Author Kathleen Krull's book "Isaac Newton" was published in hardcover in 2006 and in paperback in 2008. The book was published by the Viking Children's imprint of Penguin Books. Written for an age range of 9 to 11, the paperback edition comes in at 128 pages. The book was illustrated by Boris Kuklikov. It is part of Kathleen Krull's "Giants of Science" series, which includes titles on Sigmund Freud, Marie Curie and Leonardo Da Vinci.
Giants of Science
According to Krull in an interview with the Big Apple Book Club, a blog for young readers, her series of books about scientists is meant to interest young readers in the scientists of the past. "Isaac Newton" is the second title in her series. She first wrote about Leonardo Da Vinci, who she thought was so ahead of his time that his inventions could not be made until long after her death. She presents Isaac Newton as the first real scientist, a man who performed experiments, unlike Da Vinci, who conjured up inventions and drew them as art.

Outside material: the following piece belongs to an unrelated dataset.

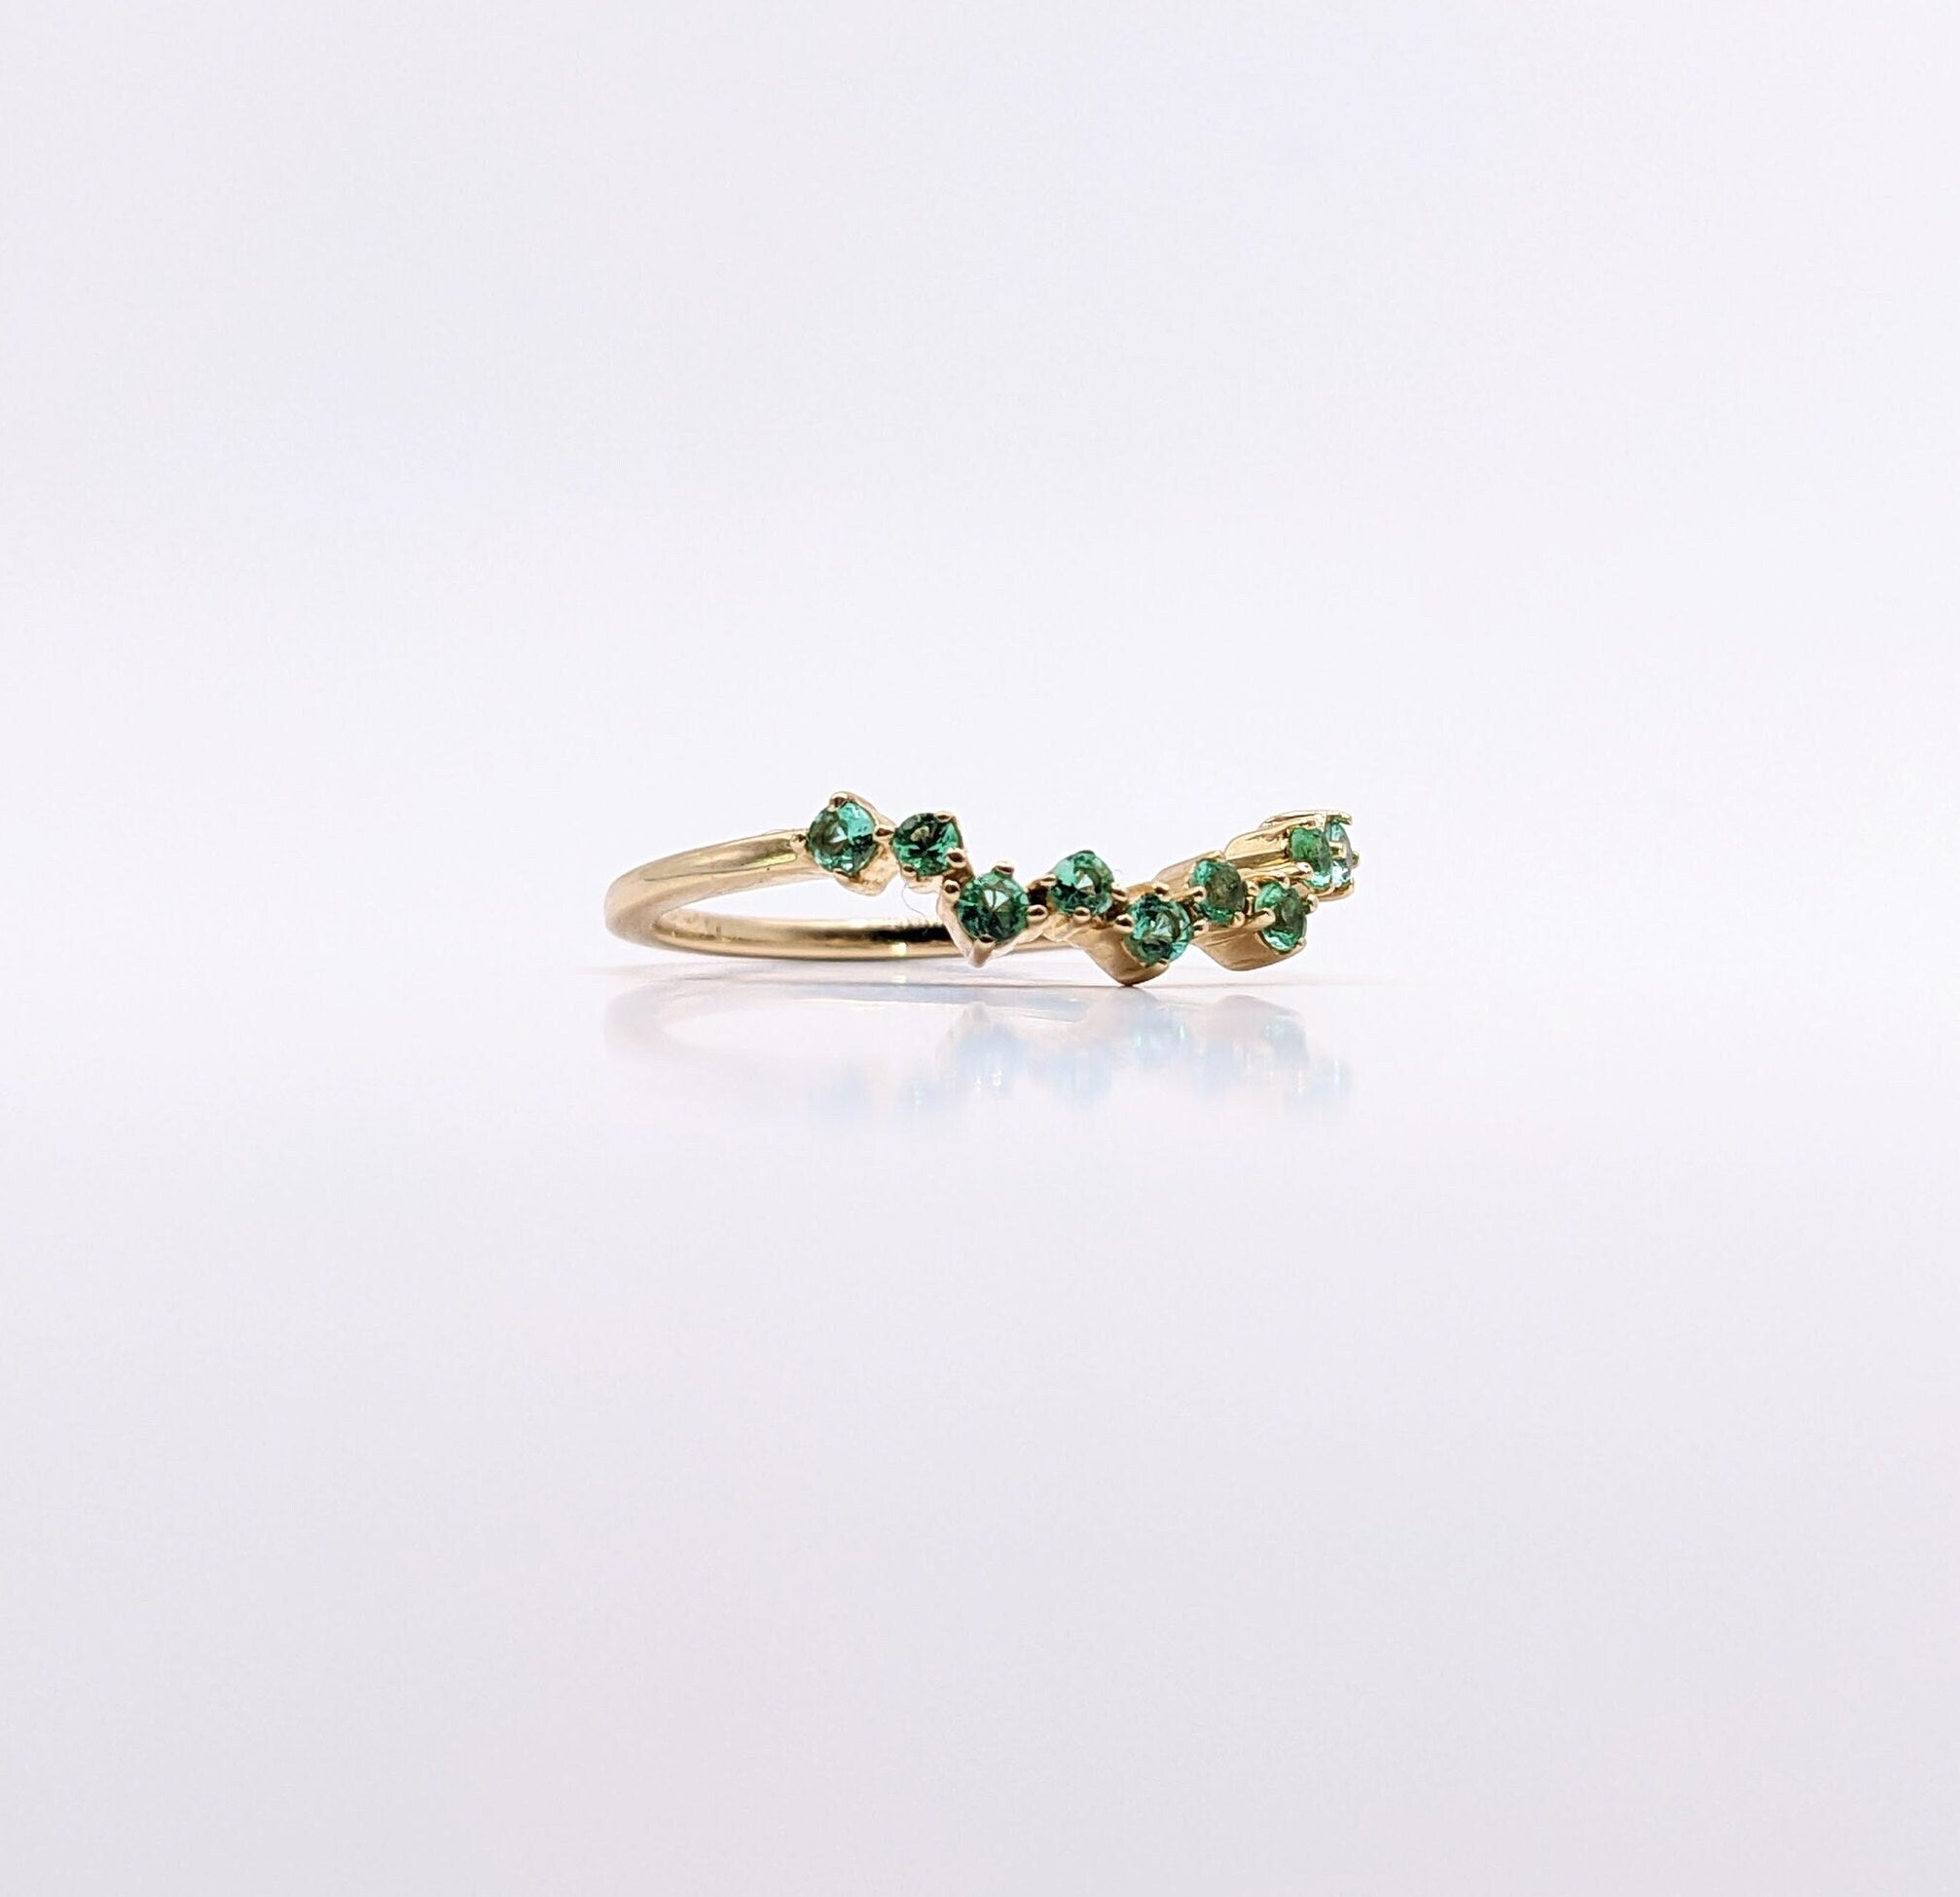 Unique 14k Solid Gold Band w Emerald Accents | Green Gemstone Ring | Stackable Ring | Anniversary Gift | May Birthstone | Tiara Crown Ring
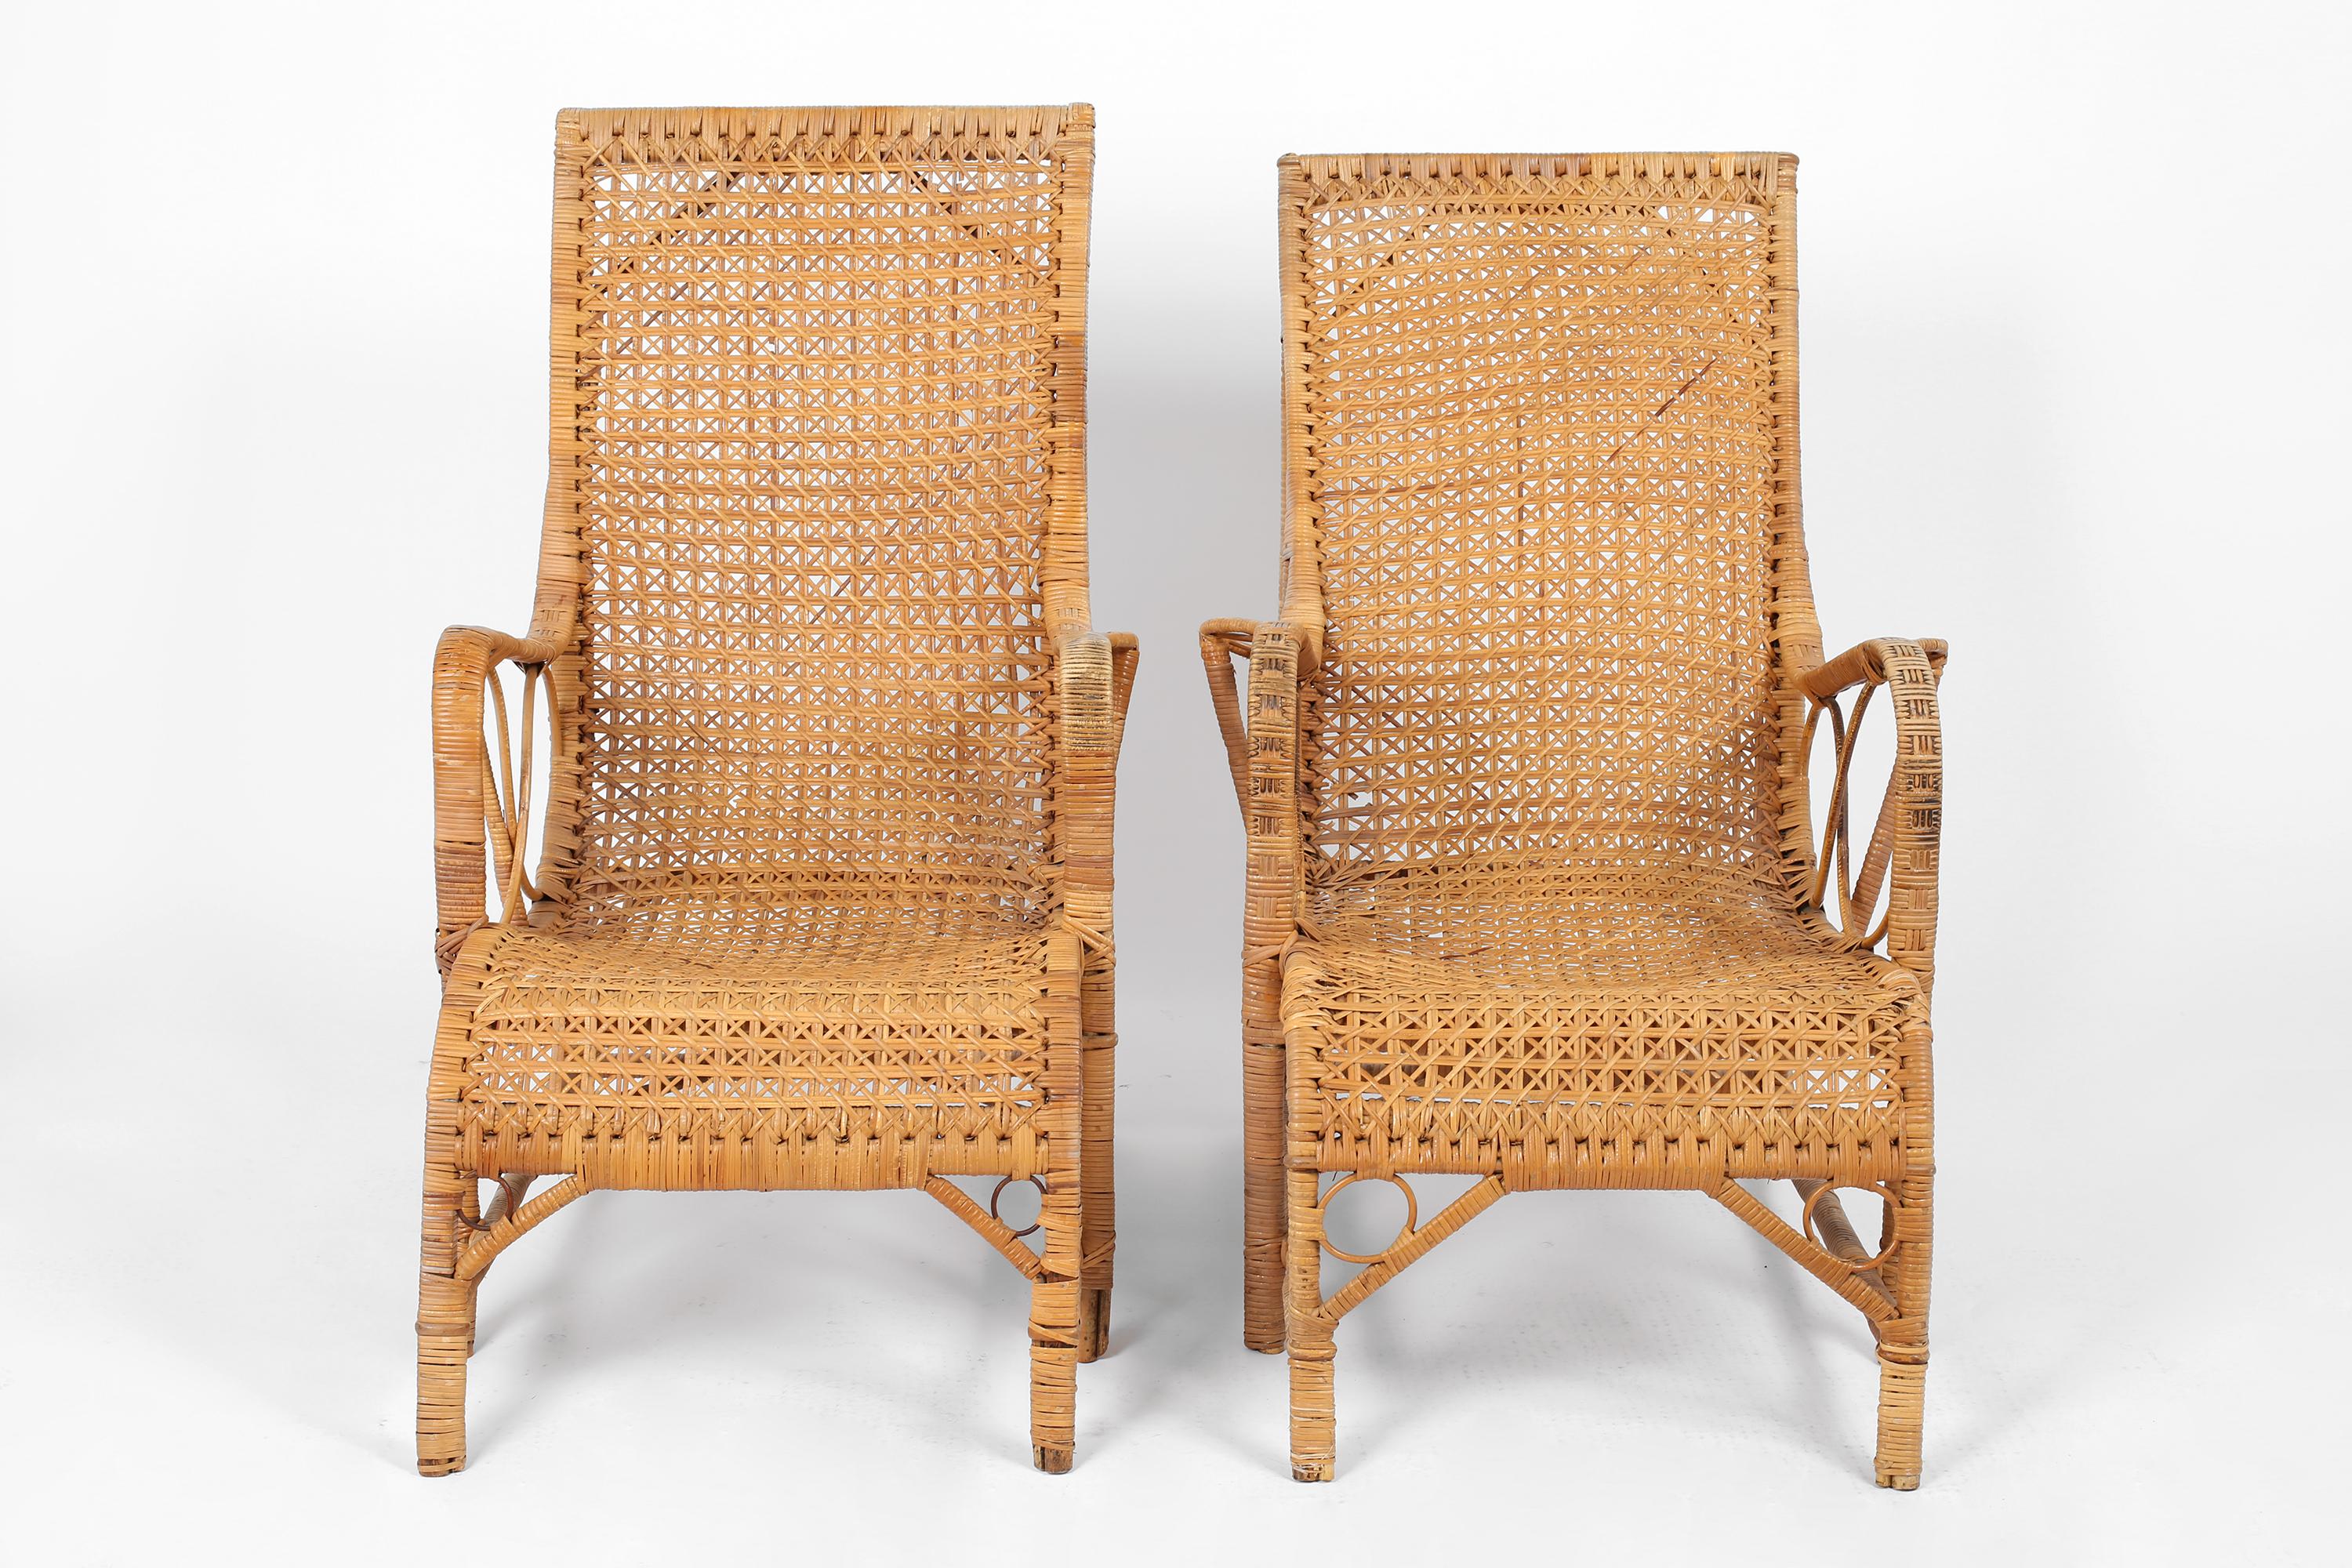 A near pair of large, elegant rattan loungers with cane binding and scrolling, intricately woven seats. French, c. 1940.

Krull uses a gossipy, casual tone to reconstruct Newton's life, and in the process reveals his dreadful childhood. His mother remarried and her new husband did not want Isaac around. Eventually young Isaac was sent to live with his grandparents. His early isolation may have led to his withdrawal from an active social life and into the internal world of his imagination. His personal loss became the world's gain as his vivid imagination and extreme intelligence changed the world.
For all his brilliance, Isaac Newton as revealed by Krull was a complicated character. Other words to describe him were unconventional, unhappy, unfriendly, obsessive, secretive, withdrawn, jealous and vindictive. Newton was so small-minded that he set out to destroy other scientists who dared question his findings, and once held back from publishing his own results to an experiment until a competitor was dead. Krull spends a chapter exploring Newton's possible homosexuality. She also exposes his desire to get the best education he could in spite of an outbreak of the plague. Generally, she seeks to show that the brilliance that this man left behind came at the cost of his personal happiness, and that he may have suffered from what we today call depression.
The book ends by presenting the importance of Isaac Newton. His impact on the future of science is so important that some call him the father of science. Newton invented calculus and conducted scientific experiments throughout his life. He theorized about gravity, and then performed experiments to prove its existence. This way of theorizing and then proving through experimentation is the way all scientists have made discoveries since Newton's time. The fact that Newton was doing so in the 1600s during the time of the great plague is something that the author uses to solidify his genius.